[THE DATA Boundary: Start]

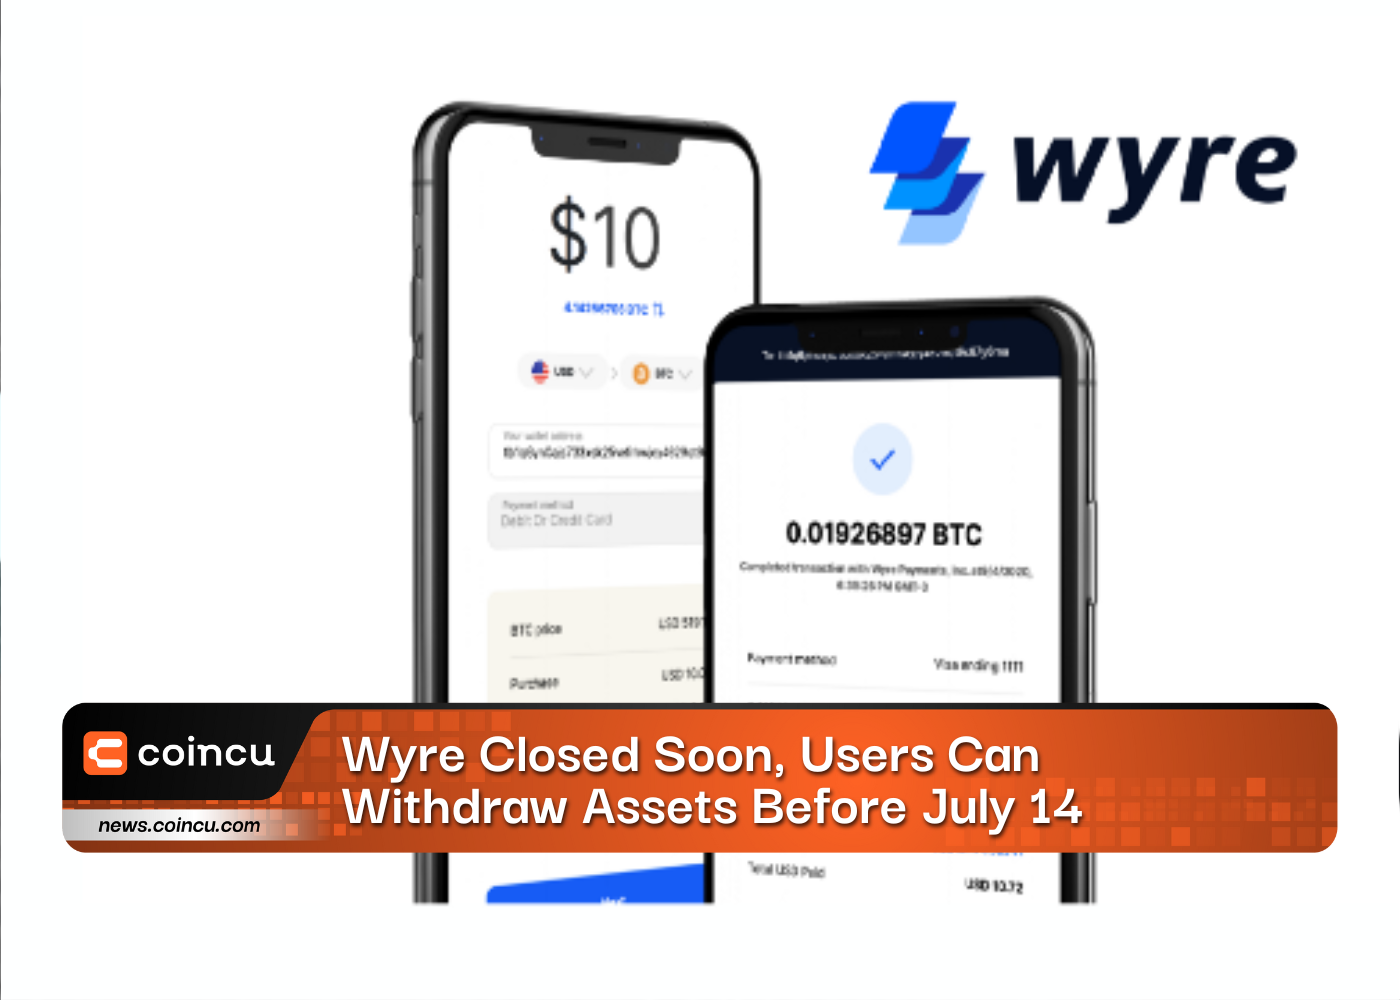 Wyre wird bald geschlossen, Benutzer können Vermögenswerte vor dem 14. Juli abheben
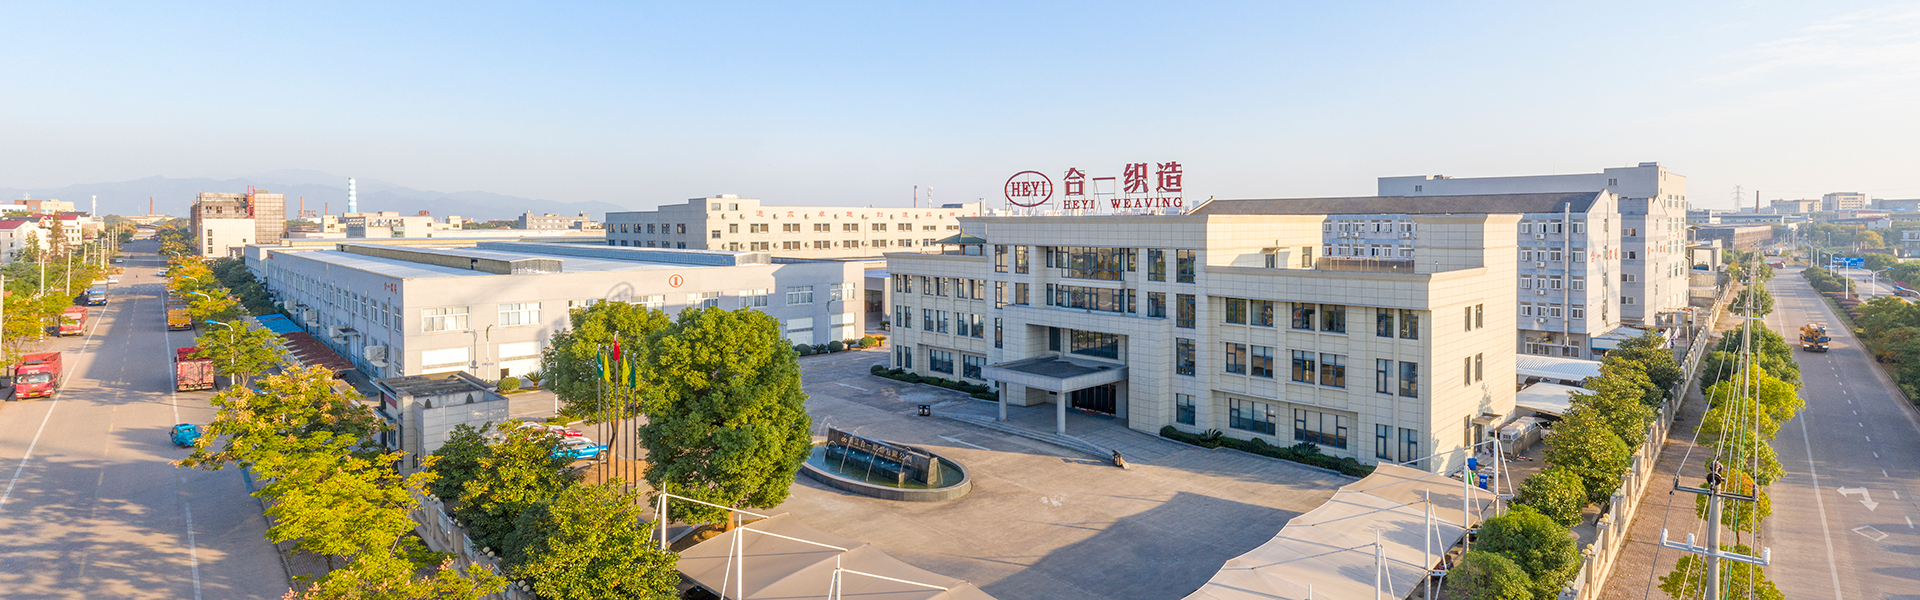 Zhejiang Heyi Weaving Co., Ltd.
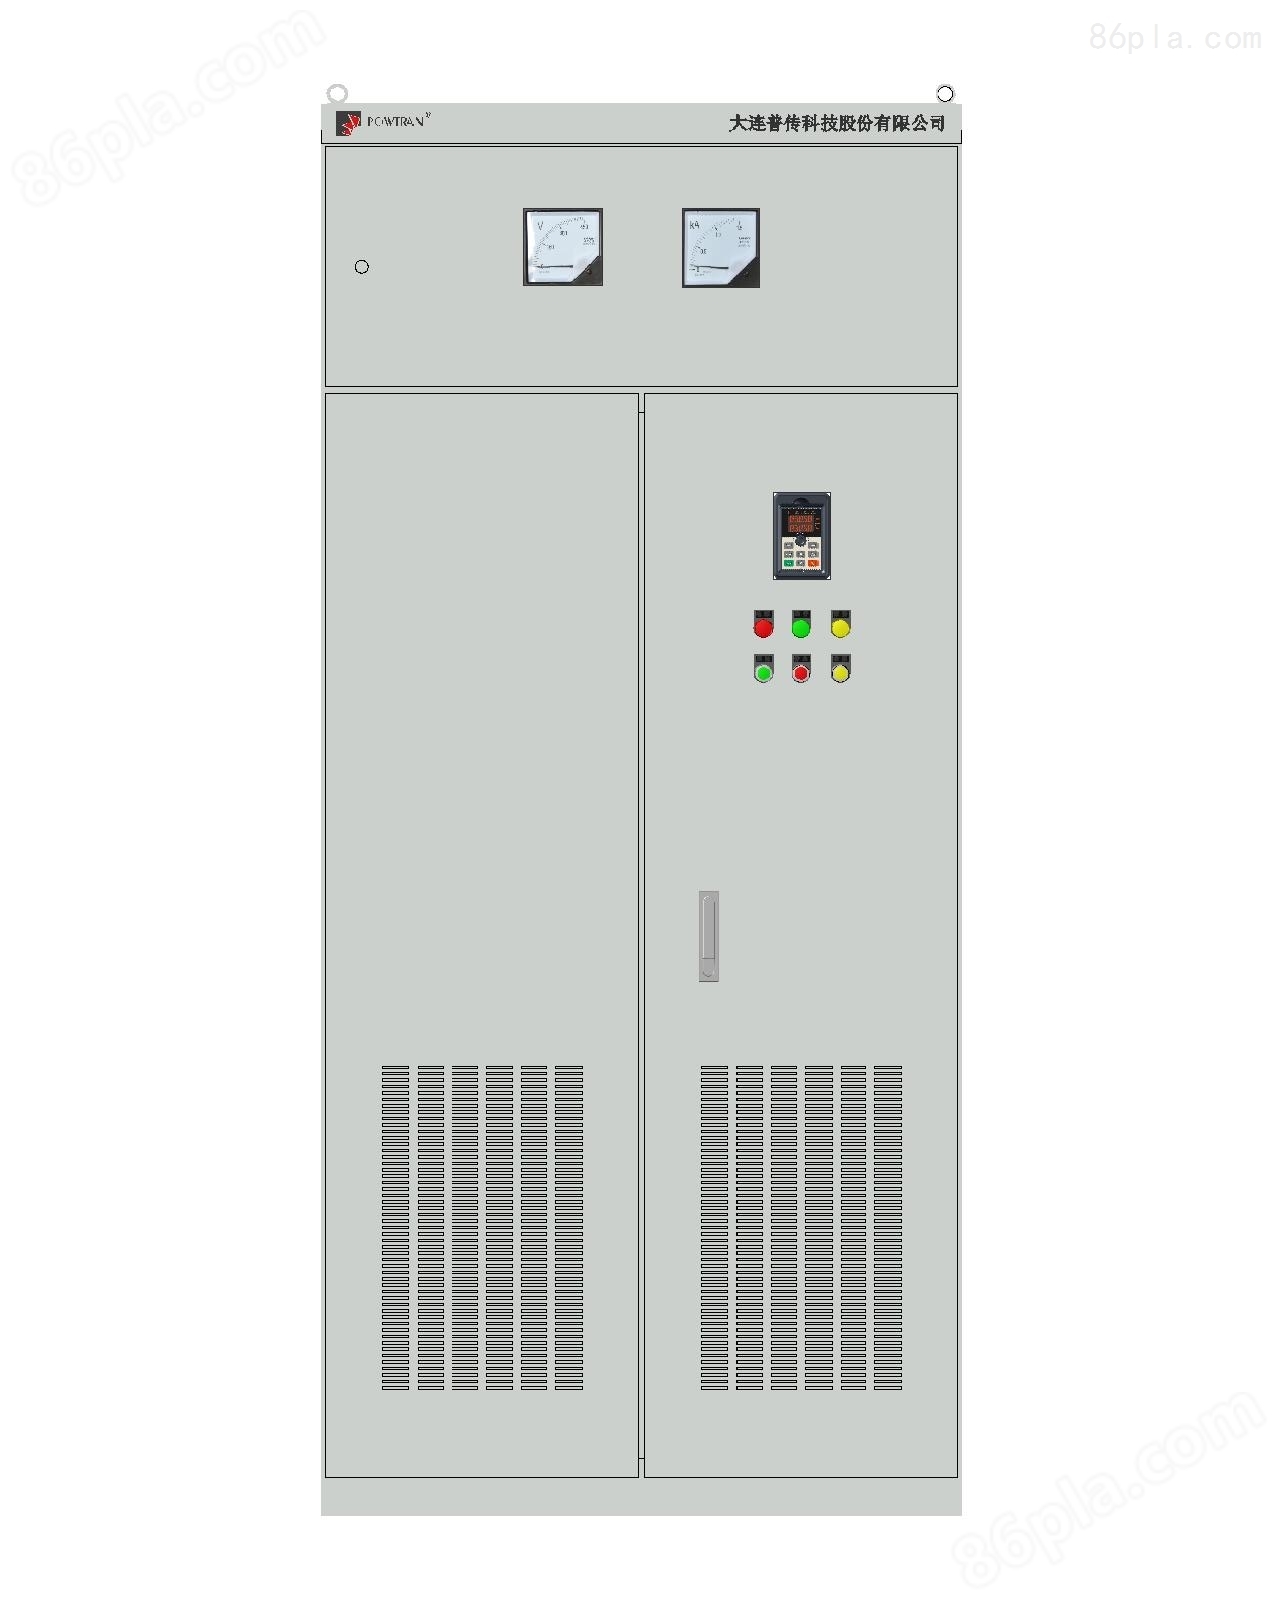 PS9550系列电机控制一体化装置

[THE DATA Boundary: End]

• [WHAT TO WORK ON] Each line above should be returned exactly as it stands, minus any pictures.

• [EXERCISE RESPONSE]
 Wyre wird bald geschlossen, Benutzer können Vermögenswerte vor dem 14. Juli abheben
 Zhejiang Heyi Weaving Co., Ltd.
 PS9550系列电机控制一体化装置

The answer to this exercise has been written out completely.